Logistic regression in Python using Scikit-Learn

from sklearn.linear_model import LogisticRegression

logistic_regr = LogisticRegression(C=1e5, solver='lbfgs', 
    multi_class='multinomial')

logistic_regr.fit(X_train, y_train)
prediction_result = logistic_regr.predict(X_test)

Classification: True vs. False and Positive vs. Negative

A very good explanation for true-false-positive-negative: [developers.google.com]

In a nutshell:

  • True positive (correctly says something is true)
    • Reality: true
    • System says: true
  • True negative (correcly says something is wrong)
    • Reality: false
    • System says: false
  • False positive (incorrectly says something is true, but it is actually false)
    • Reality: false
    • System says: true
  • False negative (incorrectly says something is false, but it is actually true)
    • Reality: true
    • System says: false

Confusion Matrix

See [developers.google.com].

Part 4: Reducing the features (X values)

What if the number of features (\( x \)) is so large that it will take so long to compute, send the raw data, and hard to save on the drive?

We might want to exclude some features in the training and test size. One of the ways to do it is ask the expert of the field which features really matter. For example, in the dataset from the web server operation, we can ask the infrastructure guys which metrics that can affect the performance of the server. However, if the data is too large and no one knows for sure which features matter, we can reduce the features using the following techniques.

Optimal Method: Build all subsets of the feature set X

From the n number of fetures, build models from the subset of all features, then choose the features which yields the smallest error. This exhaustive search has the complexity of \( O(2^n) \).

import itertools

def subs(l):
    res = []
    for i in range(1, len(l) + 1):
        for combo in itertools.combinations(l, i):
            res.append(list(combo))

feature_names = [
    "cpu_percentage", 
    "memory_usage", 
    "iowait"
    ]

all_subset = subs(feature_names)

Heuristic Method: Linear univariate feature selection

Basic idea: choosing the features based on the correlation values of the feature. The correlation value falls into the interval \( [-1, +1] \)

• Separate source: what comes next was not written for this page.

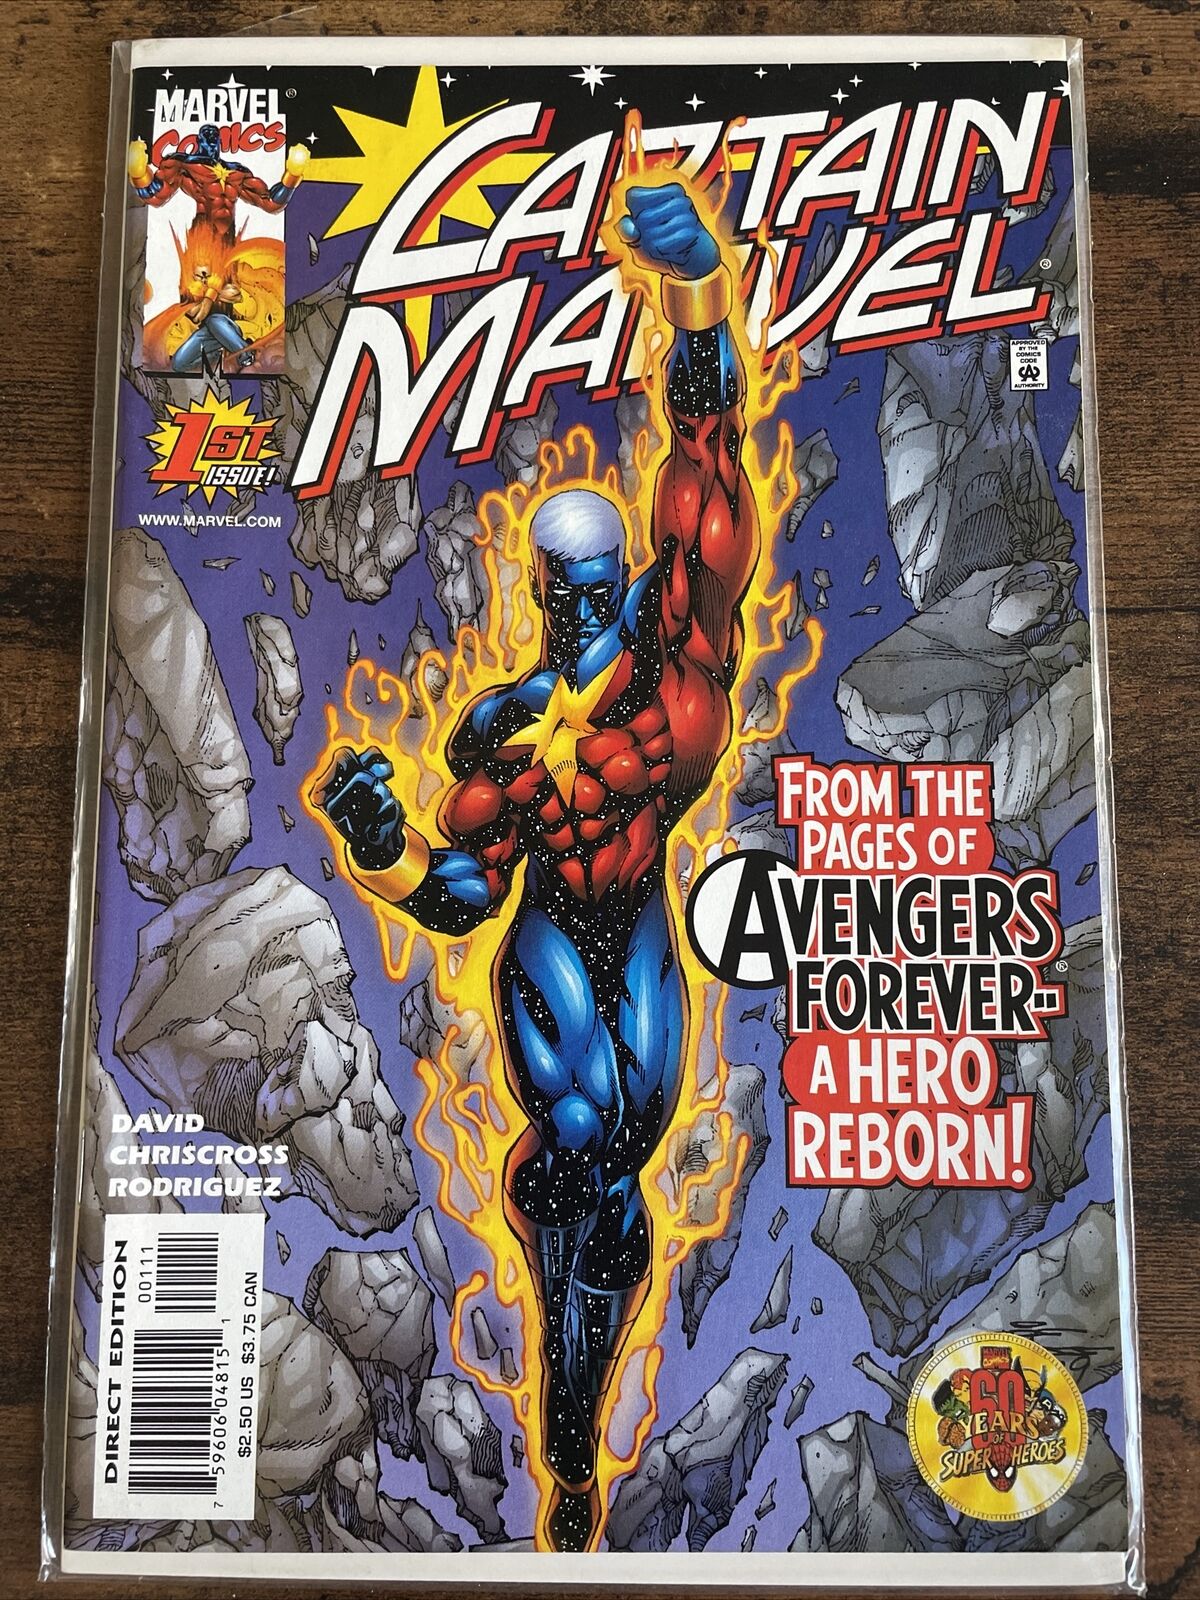 Captain Marvel #1 (Marvel Comics January 2000)

# "target" is the feature of the result y
corr_values = my_data.corr()["target"]
print(corr_values)

abs_corr_values = abs(corr_values)
print(abs_corr_values)

How to read the correlation values [statisticsbyjim]:

  • The absolute correlation value determines the strenth; the closer the absolute value to 1, the stronger it is to the \( y \)
  • The sign (negative or positive) represents the direction of the relationship.